> _Recorded information_:
•••
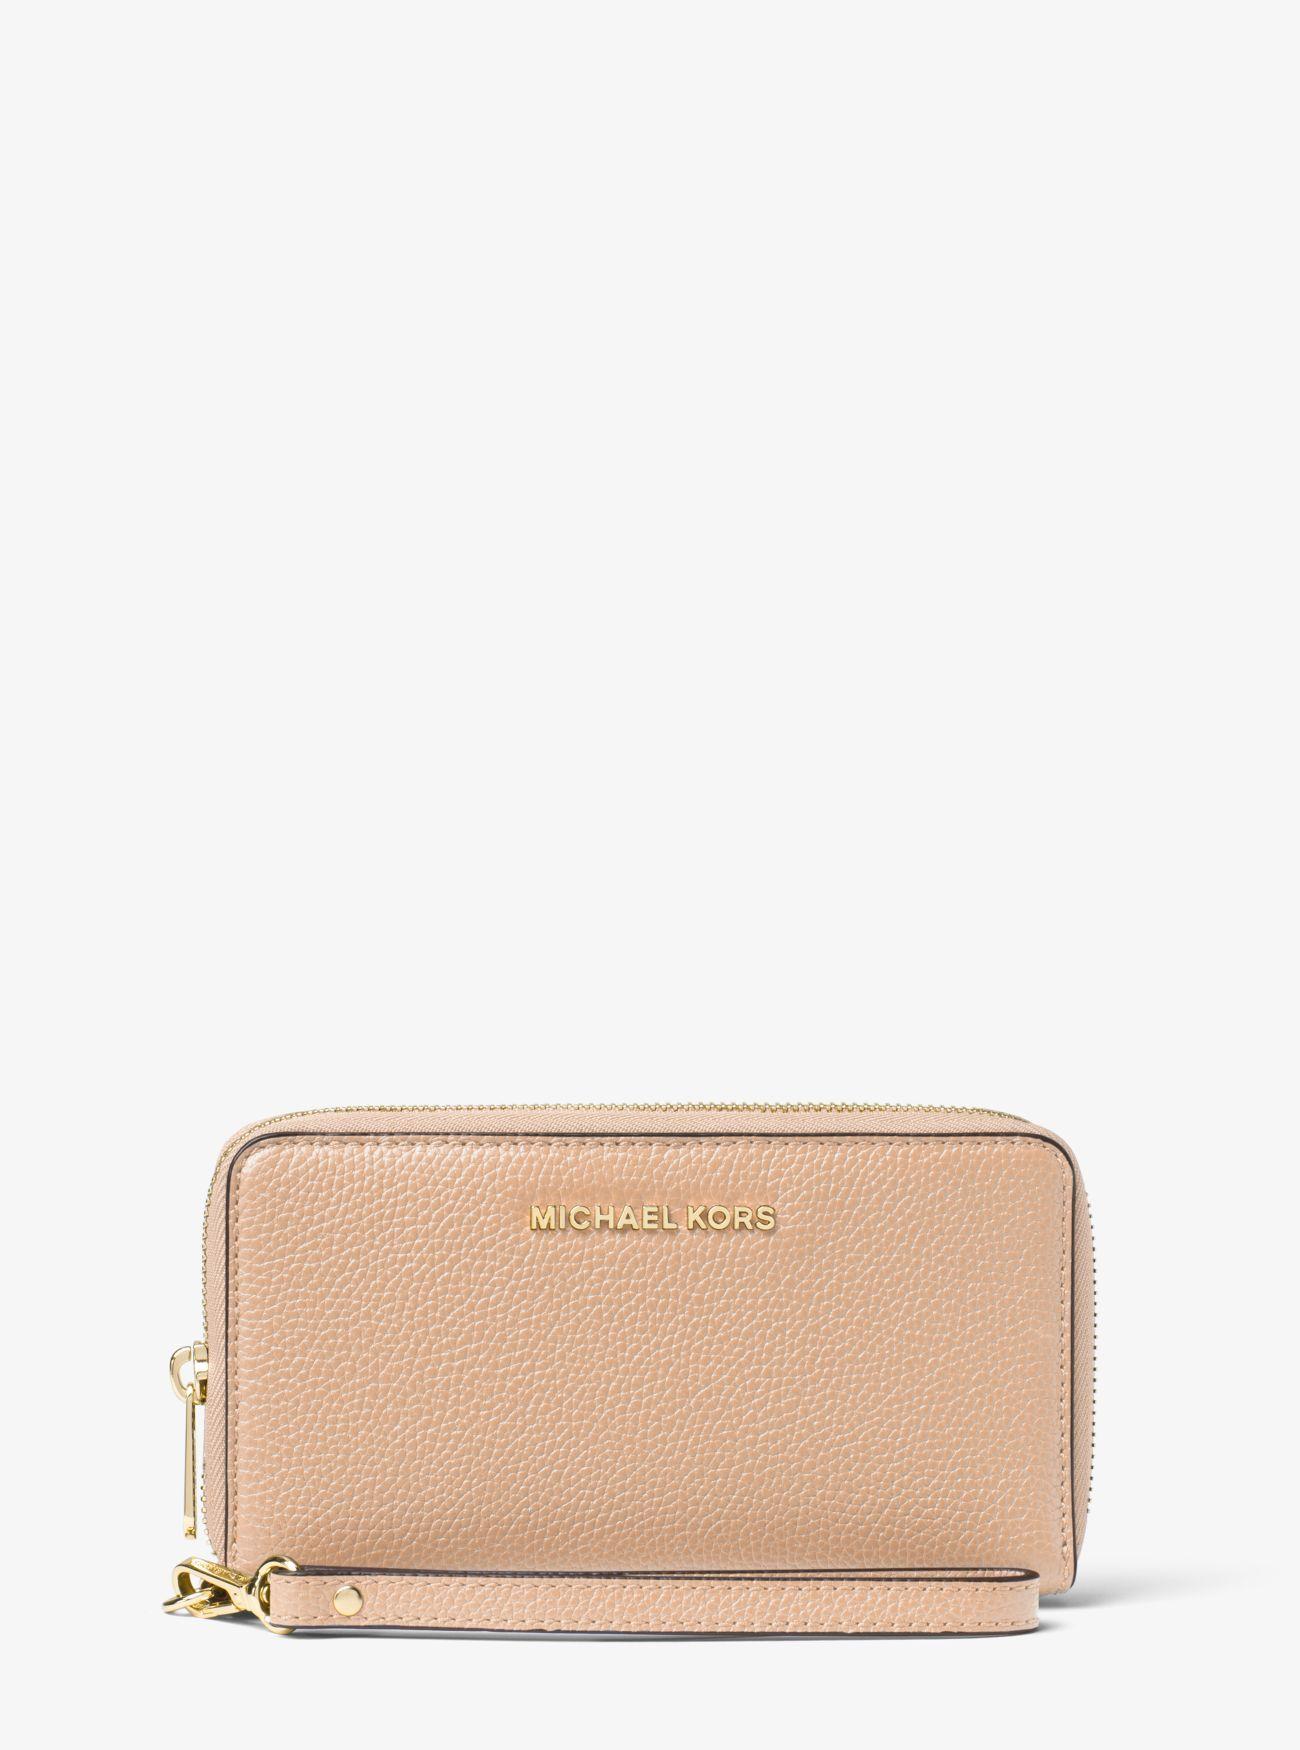 a463a3e403ef Mercer Large Leather Smartphone Wristlet | Wallets | Wristlet wallet ...
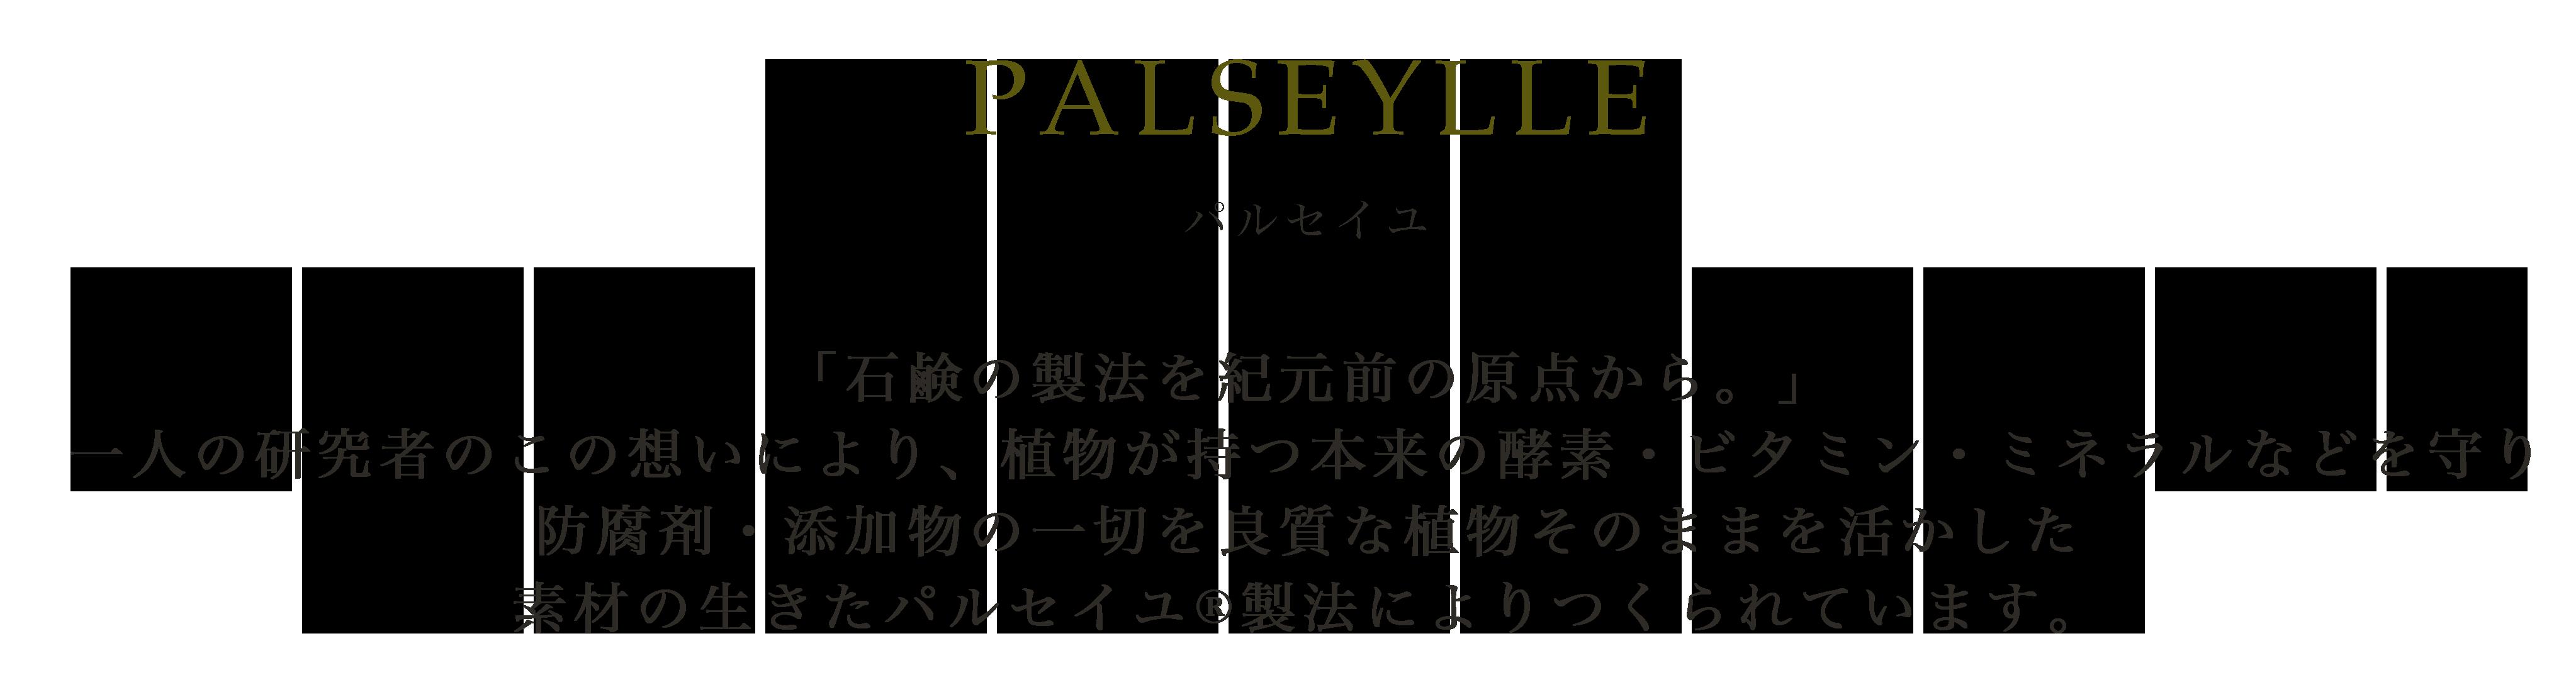 PALSEYLLE
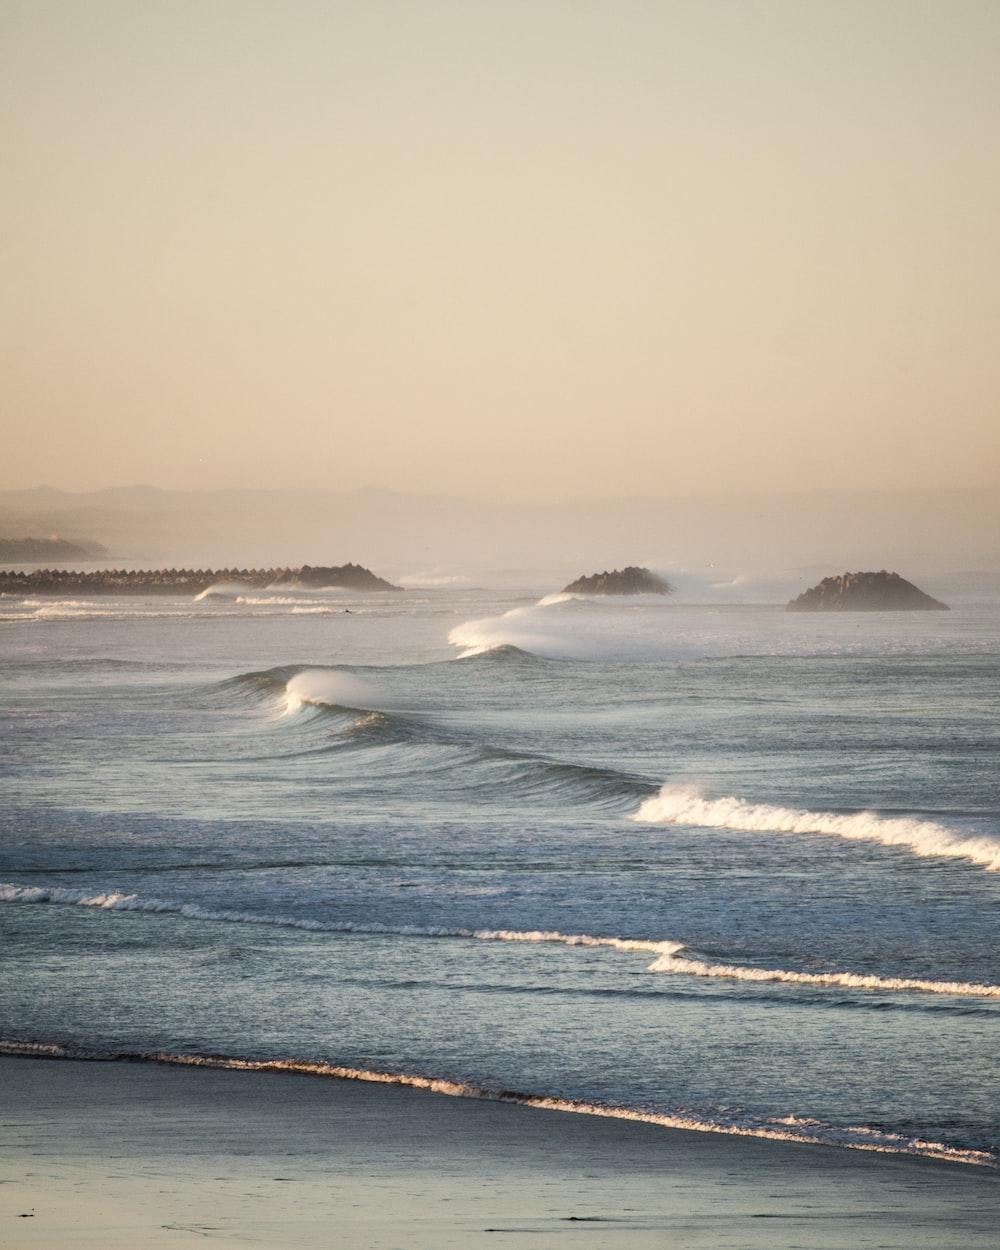 waver waves during daytime
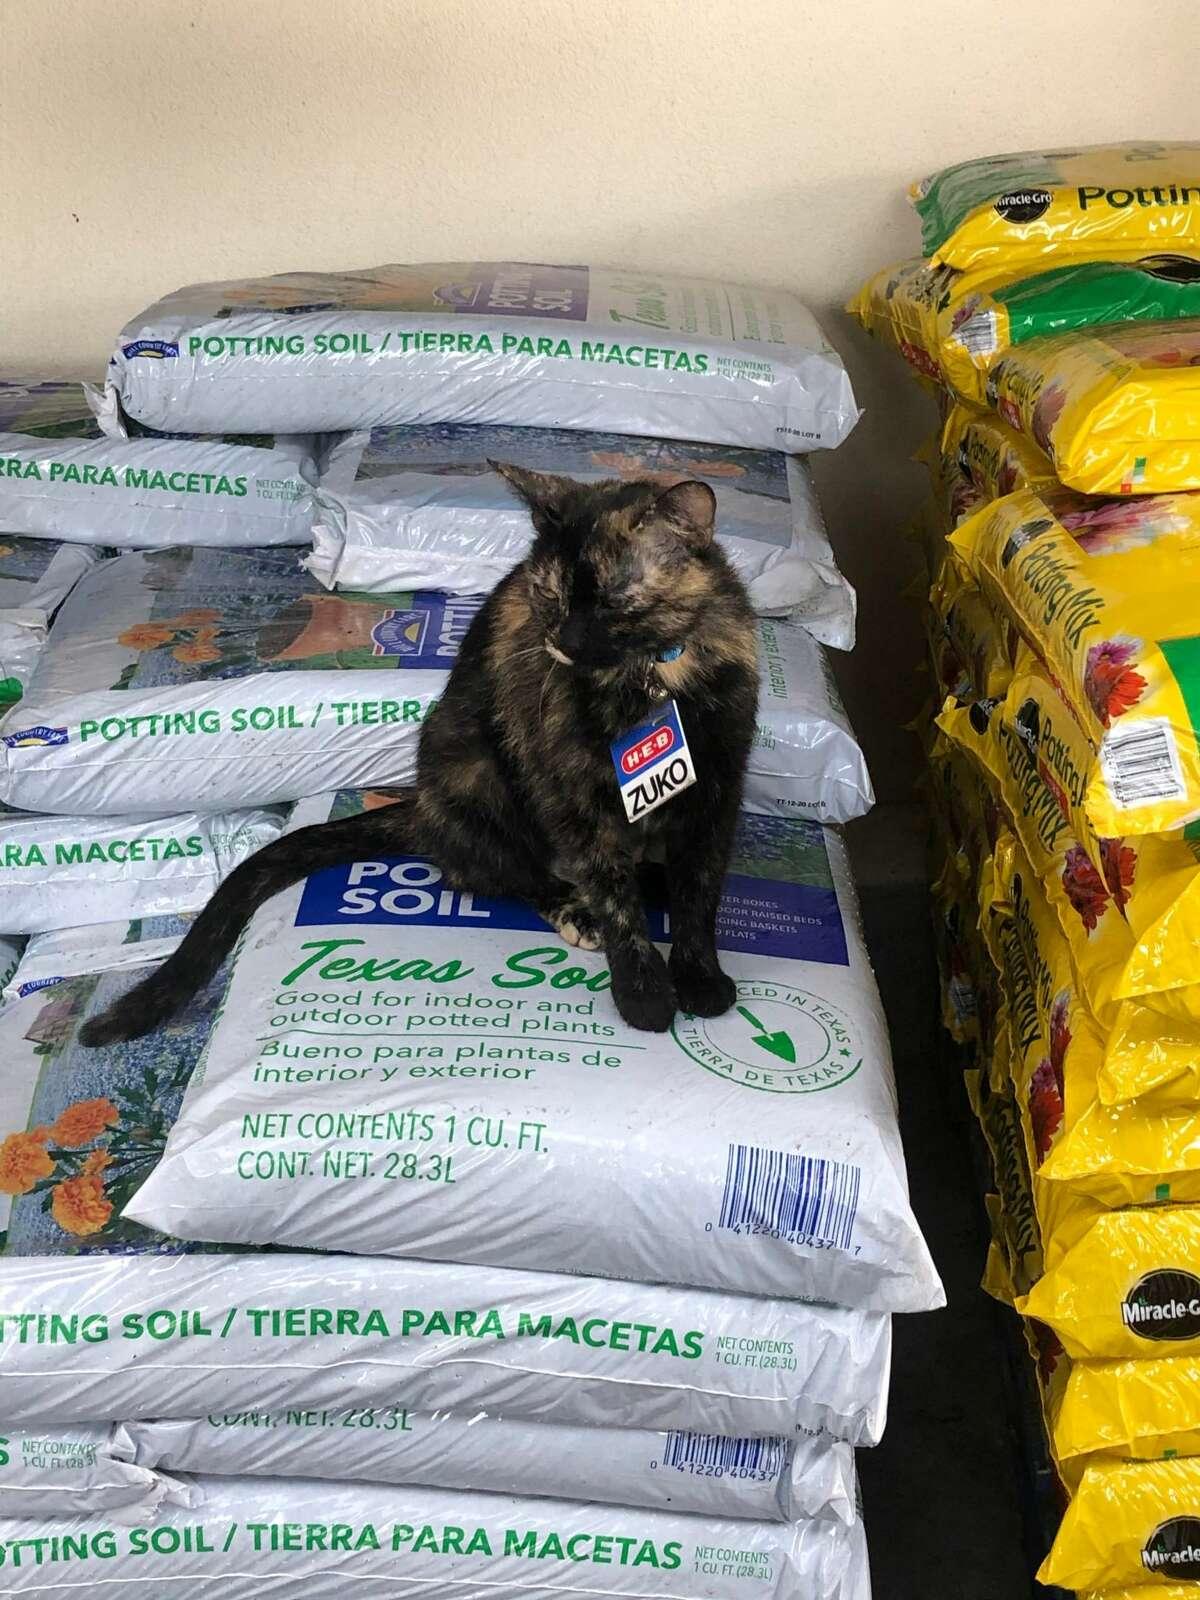 Mica Mendoza told MySA.com she saw Zuko in the garden center last Friday while at the H-E-B plus! on Potranco and 1604, near SeaWorld San Antonio.
•••
> _Goal of the exercise_: Produce an exact copy of the lines from the line with "waver waves during daytime" through the last line of the data above, both ends included. No pictures belong in it.

> _The answer_:
 waver waves during daytime
 Mica Mendoza told MySA.com she saw Zuko in the garden center last Friday while at the H-E-B plus! on Potranco and 1604, near SeaWorld San Antonio.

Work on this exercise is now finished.